41. The ophthalmic preparation according to claim 39, characterized in that... The castor oil content of the ophthalmic preparation is preferably 0.4% w / w to 0.9% w / w, more preferably 0.5% w / w to 0.9% w / w, and most preferably 0.5% w / w, 0.6% w / w, 0.7% w / w, and 0.8% w / w.
42. The ophthalmic preparation according to claim 39, characterized in that... The content of polyoxyethylene 35 castor oil in the ophthalmic preparation is preferably 0.2% w / w to 5.8% w / w, more preferably 0.25% w / w to 5.5% w / w, and most preferably 5% w / w.
43. The ophthalmic preparation according to claim 39, characterized in that... The content of PEG400 in the ophthalmic preparation is preferably 0.3% w / w to 1.5% w / w, more preferably 0.4% w / w to 1.2% w / w, and most preferably 0.5% w / w or 1% w / w.
44. The ophthalmic preparation according to claim 39, characterized in that... The content of propylene glycol in the ophthalmic preparation is preferably 0.3% w / w to 1.8% w / w, more preferably 0.4% w / w to 1.6% w / w, and most preferably 0.5% w / w, 1% w / w or 1.5% w / w.
45. The ophthalmic preparation according to claim 39, characterized in that... The content of potassium sorbate in the ophthalmic preparation is preferably 0.05% w / w to 0.5% w / w, more preferably 0.08% w / w to 0.3% w / w, and most preferably 0.1% w / w.
46. The ophthalmic formulation according to claim 39, characterized in that... The mannitol content of the ophthalmic preparation is preferably 1.2% w / w to 4.5% w / w, more preferably 1.3% w / w to 4.1% w / w, and most preferably 1.4% w / w.

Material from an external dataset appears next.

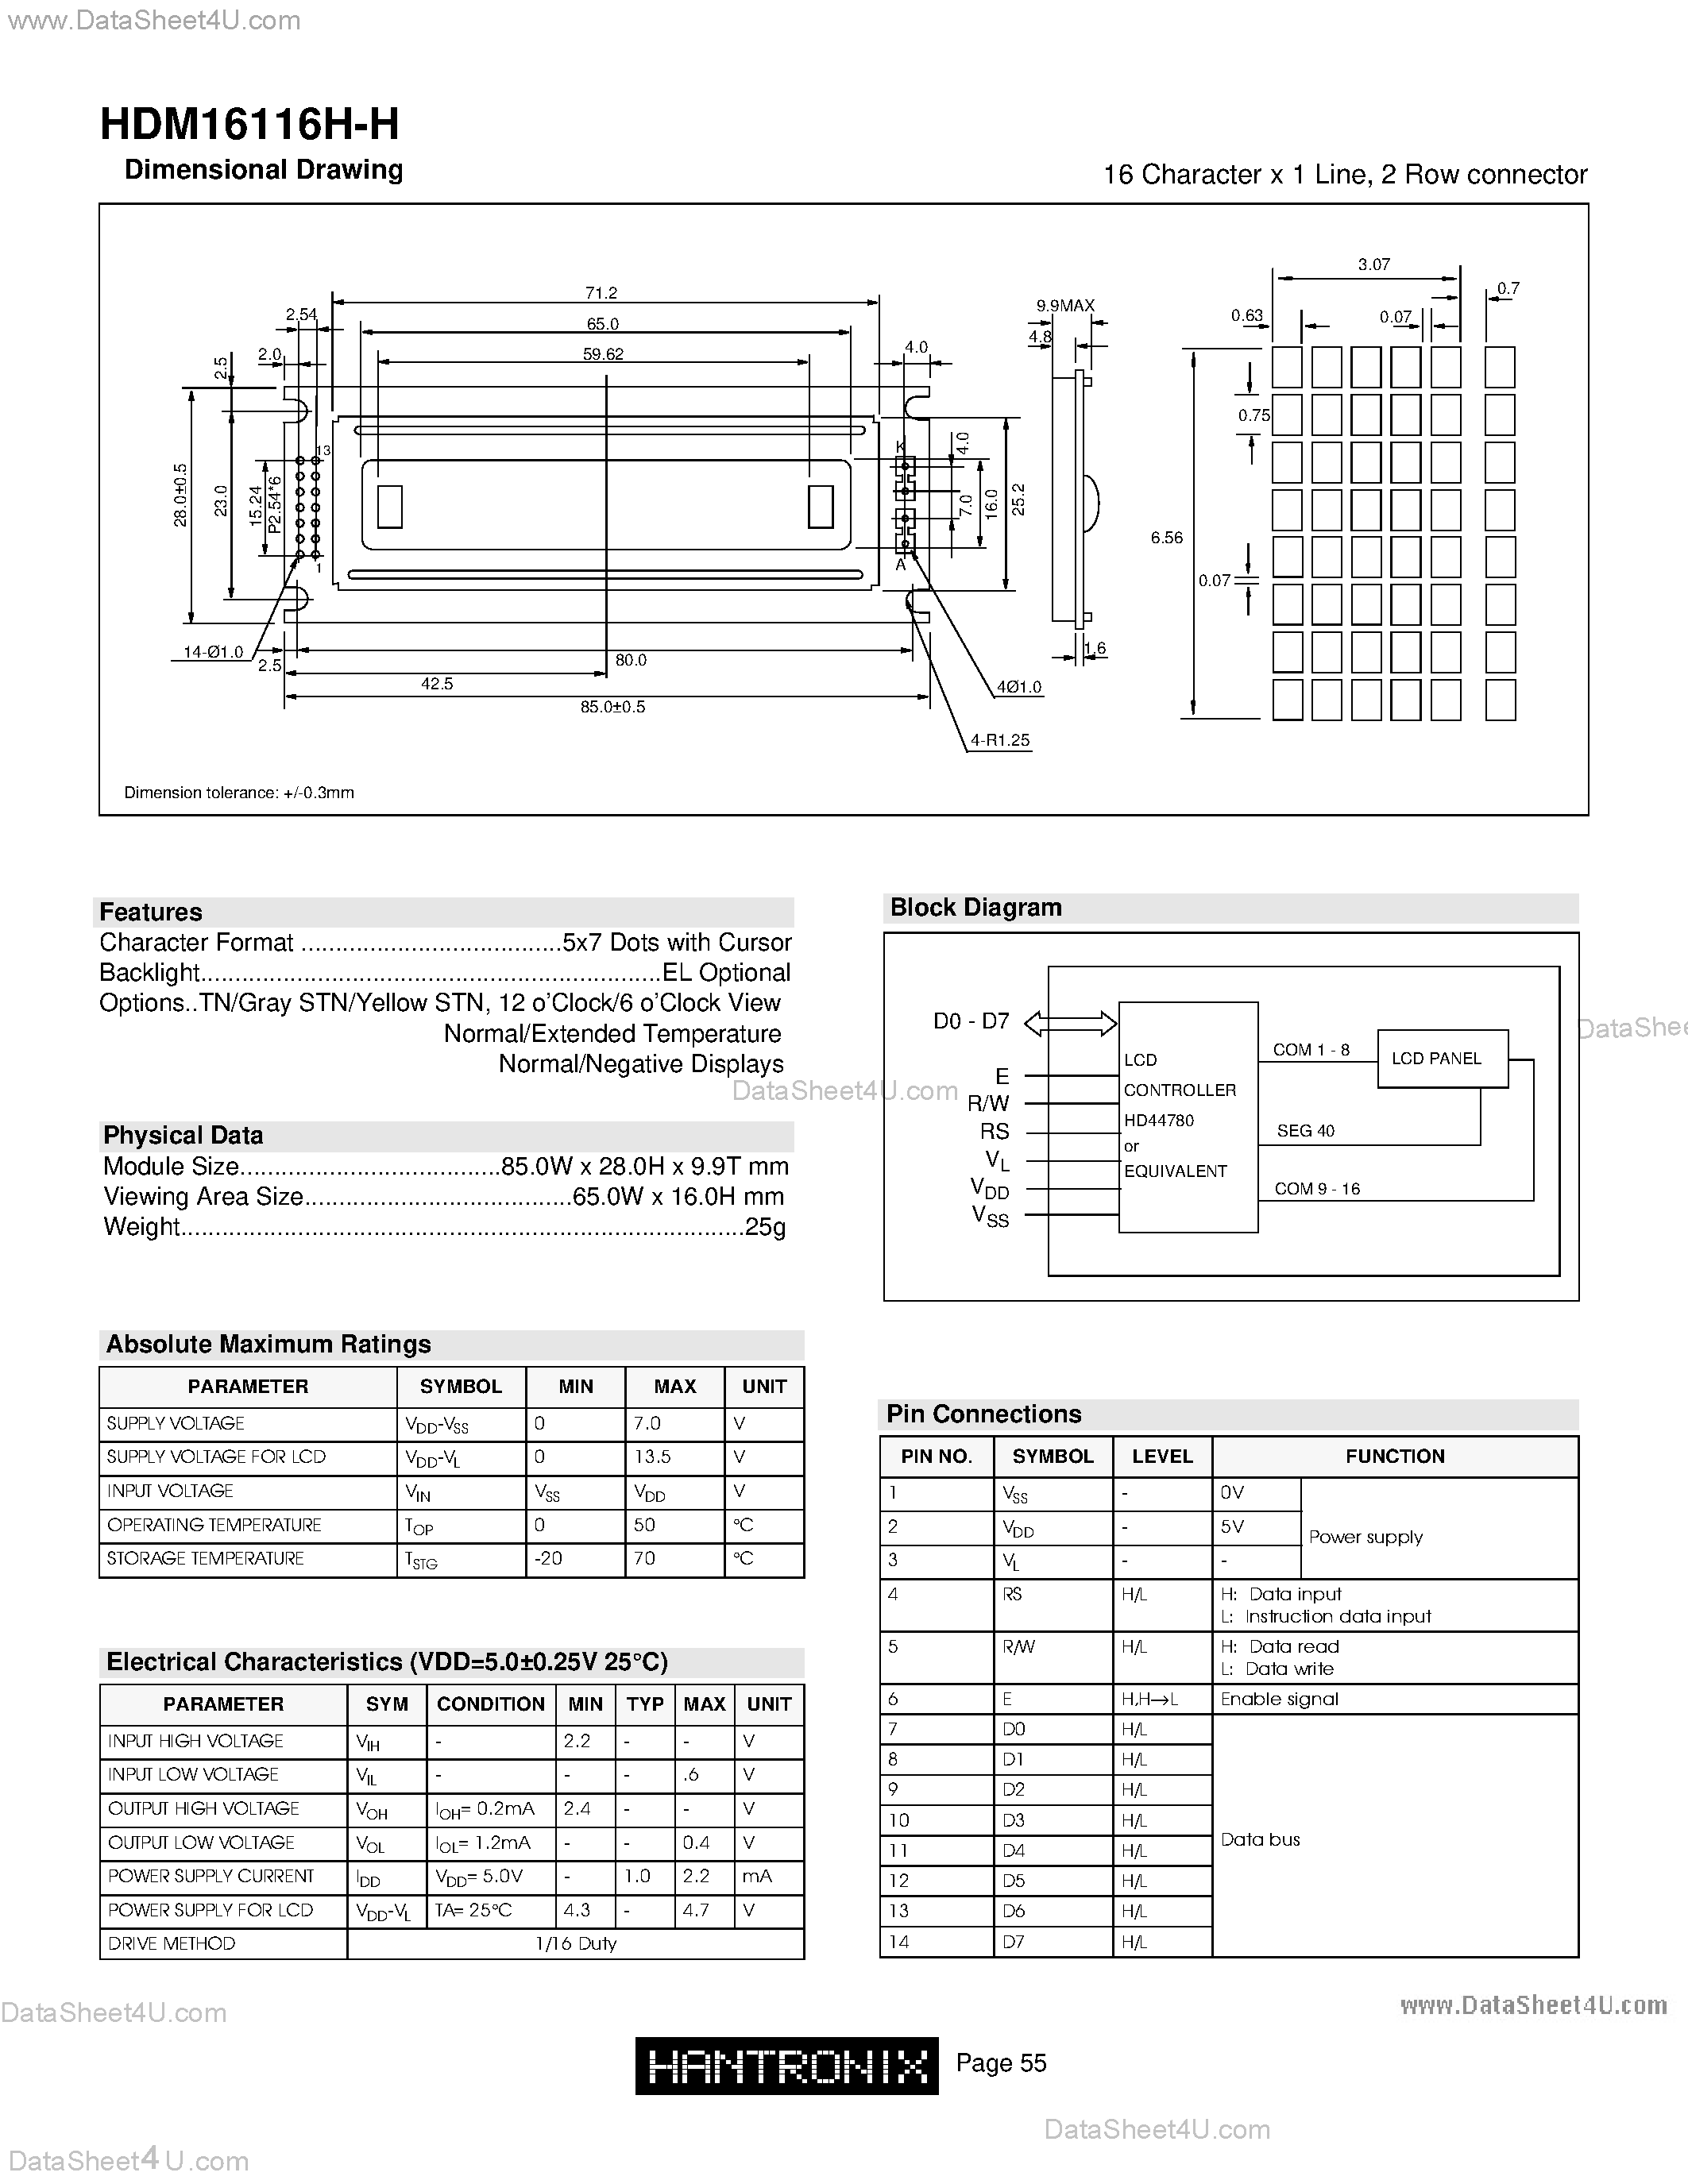 Даташит HDM16116H-H - LCD DOT MATRIX CHARACTER страница 1

47. The ophthalmic preparation according to any one of claims 39 to 46, characterized in that... The weight ratio of castor oil to polyoxyethylene 35 castor oil in the ophthalmic preparation is 0.4:5 to 1.25:5, preferably 0.1:6 to 1.25:5, more preferably 0.5:5 to 1:5, and most preferably 0.6:5 to 0.8:
5.
48. The ophthalmic preparation according to any one of claims 39 to 46, characterized in that... The ophthalmic formulation comprises loteranal 0.5% w / w, castor oil 0.8% w / w, polyoxyethylene 35 castor oil 5% w / w, PEG400 1% w / w, propylene glycol 1% w / w, potassium sorbate 0.1% w / w, mannitol 1.4% w / w, with the balance being water.
49. The ophthalmic preparation according to any one of claims 1 to 48, characterized in that... The preferred ophthalmic preparation is an eye drop.
50. The ophthalmic preparation according to any one of claims 1 to 49, characterized in that... The ophthalmic formulation is preferably a microemulsion formulation.
51. The ophthalmic preparation according to any one of claims 1 to 50, characterized in that... The ophthalmic preparation is used to treat eye diseases such as Demodex blepharitis, ocular rosacea, and meibomian gland dysfunction.